Upper-limb amputees actuate opening and closing of commercial hand prostheses through the contraction of residual muscles, with no possibility to control single digits. Above-knee amputees exploit their residual hip movements to initiate protheses, which then execute predefined patterns of motion. Together with natural actuation, a physiologically plausible sensory feedback from prosthesis to amputee is missing, forcing users to continuously visually inspect their artificial limbs. A key limitation of prostheses actuation is that users must learn the nonintuitive control strategies (for example, contracting the biceps to close the hand).
In the case of amputations closer to the hand or foot, the control signals can be extracted from the residual muscles, but when amputations are at the thigh or shoulder level, muscles that control the hand or foot are lost. In these cases, a solution is surgical rerouting of nerves toward the other available muscles, called targeted muscular reinnervation (TMR). After this intervention, the nerves grow into the new muscles and gain the capacity to excite the tissue. When users attempt movement, neural signals contract the chest muscles in the case of shoulder-level amputees (2) or residual thigh muscles in the case of the above-knee amputation (3) (see the figure). Sensors placed over the skin capture the electrical signal produced by muscle activity, which is then transformed into movement of the robotic arm or leg. Yet, control based on skin surface electrodes (2, 3) suffers from instability due to electrode movement or detachment.

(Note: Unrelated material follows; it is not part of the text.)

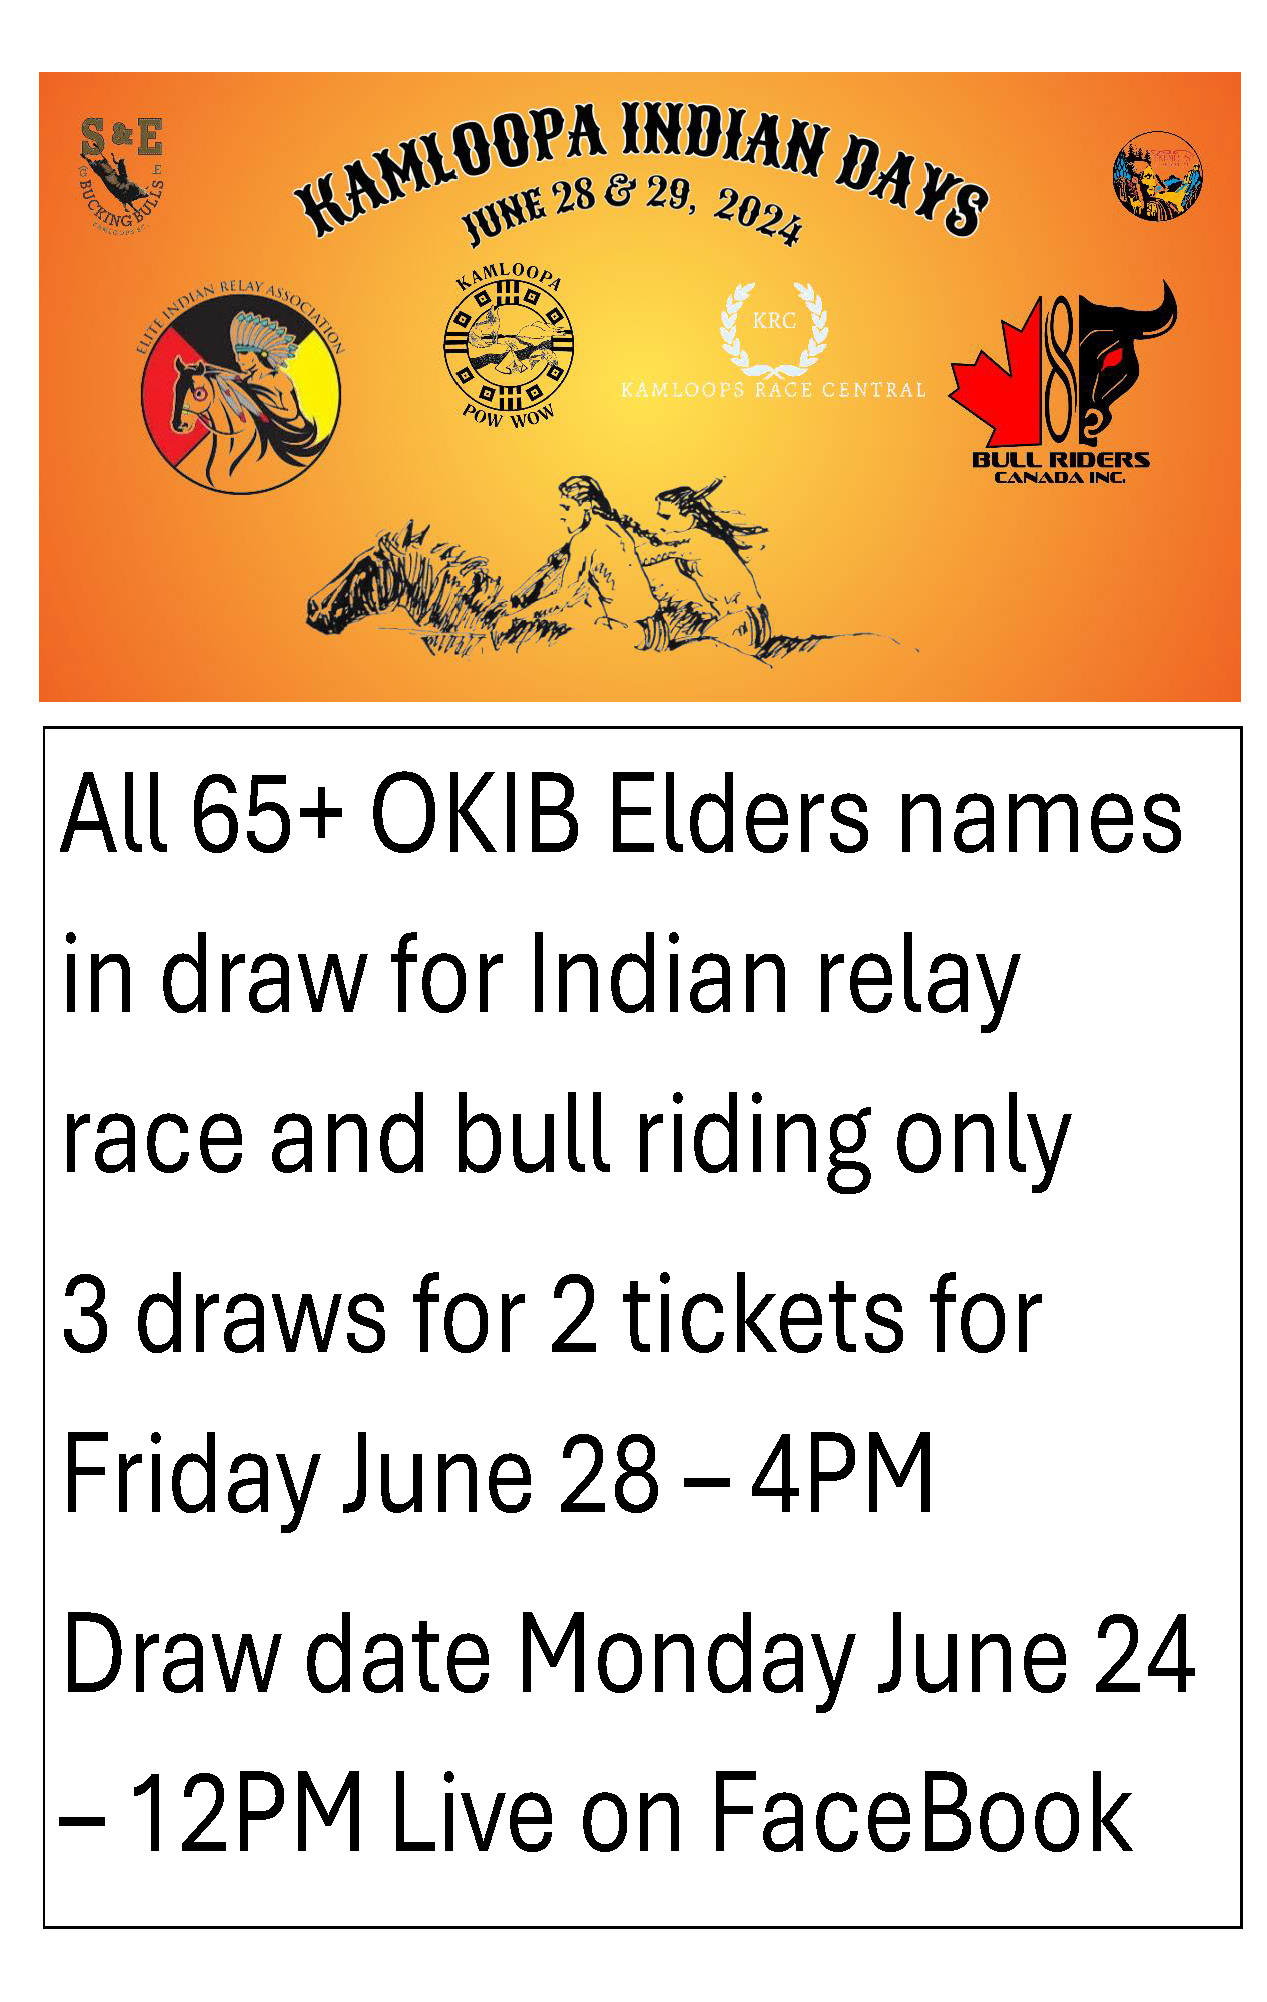 OKIB Elders Kamloopa ticket draw

Further development of the muscle reinnervation concept led to the regenerative peripheral nerve interface approach (4). The distal end of a transected peripheral nerve in the arm stump is sutured into a muscle graft, which is implanted with recording wires. These wires are in turn connected to prosthesis controls via cables passing through the skin (which have the potential to become broken or induce infections). This creates a natural amplifier of neural signals of volitional control by transducing them into high-gain myoelectric signals. A high signal-to-noise ratio of this biointerface enabled high-precision control, even for single finger movements in two amputees (4). To overcome the problems of skin electrodes and percutaneous wires, tiny implantable myoelectric sensors (IMESs), which capture the muscular signals directly, were developed. These sensors were injected into the reinnervated muscles of three above-elbow amputees and conferred long-term functional use (5). Whenever the movement intention of an amputee activates the implanted muscles, IMESs capture and amplify these electrical signals and send them wirelessly to the receiving coil embedded into the prosthesis socket to control the motors of the prostheses. This proof of concept needs to be demonstrated in a bigger cohort of patients and will hopefully increase controllable movements.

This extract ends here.